- **Exercise description**
Look through the data below and extract, unchanged, the lines from the one that contains "Kevin Hensley is" to the one that contains "Sofia and Matt", both included.

- **Data supplied**

════════════════════

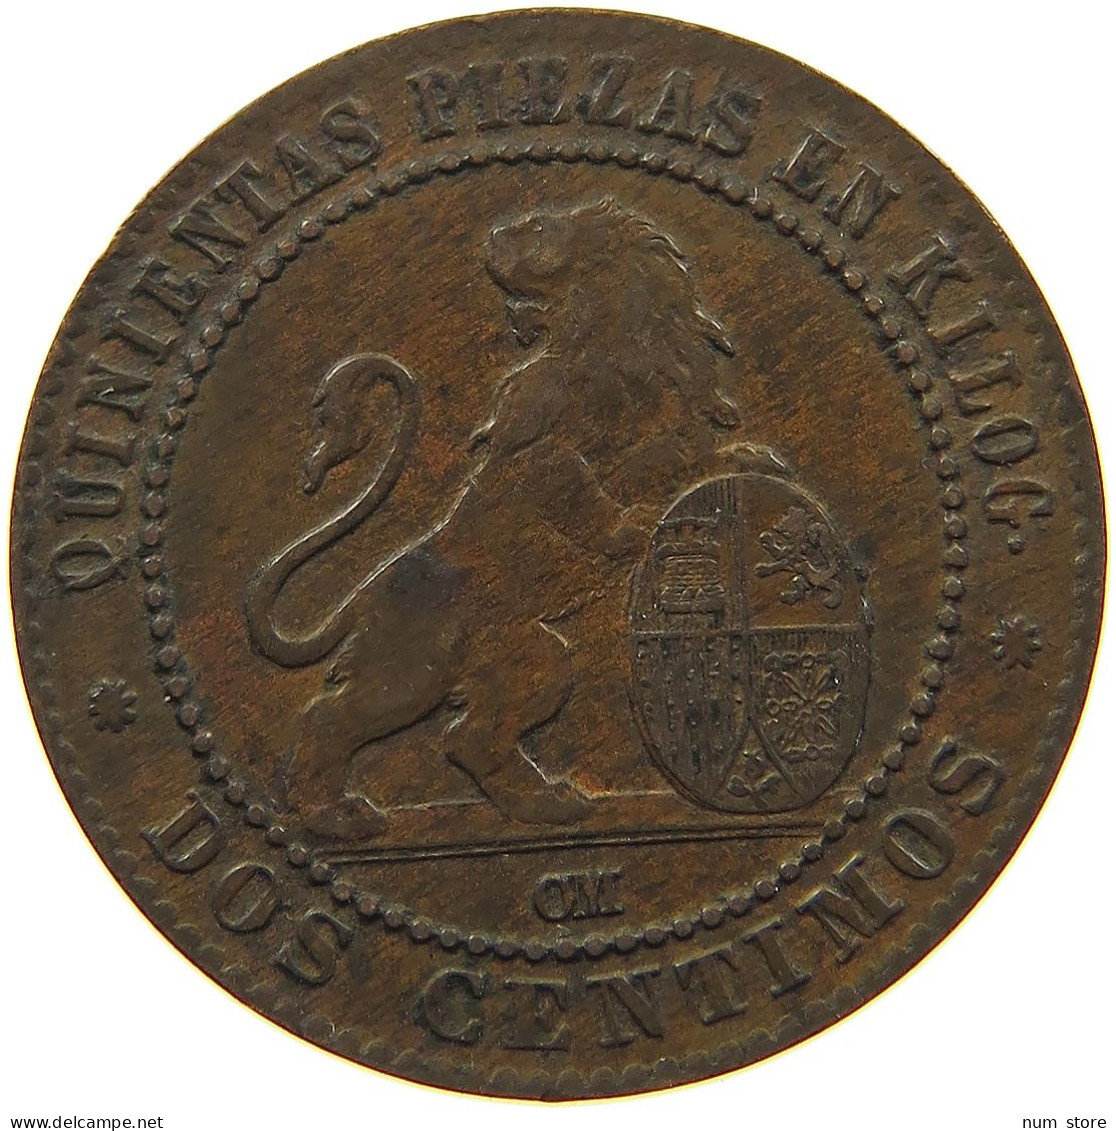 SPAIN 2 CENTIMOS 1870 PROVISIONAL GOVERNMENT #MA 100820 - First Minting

════════════════════

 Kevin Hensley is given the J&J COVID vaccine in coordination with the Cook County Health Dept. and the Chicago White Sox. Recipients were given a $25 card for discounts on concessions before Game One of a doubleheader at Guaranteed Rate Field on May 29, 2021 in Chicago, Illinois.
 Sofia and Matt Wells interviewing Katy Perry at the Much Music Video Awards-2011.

════════════════════

- **Result of the exercise**
 Kevin Hensley is given the J&J COVID vaccine in coordination with the Cook County Health Dept. and the Chicago White Sox. Recipients were given a $25 card for discounts on concessions before Game One of a doubleheader at Guaranteed Rate Field on May 29, 2021 in Chicago, Illinois.
 Sofia and Matt Wells interviewing Katy Perry at the Much Music Video Awards-2011.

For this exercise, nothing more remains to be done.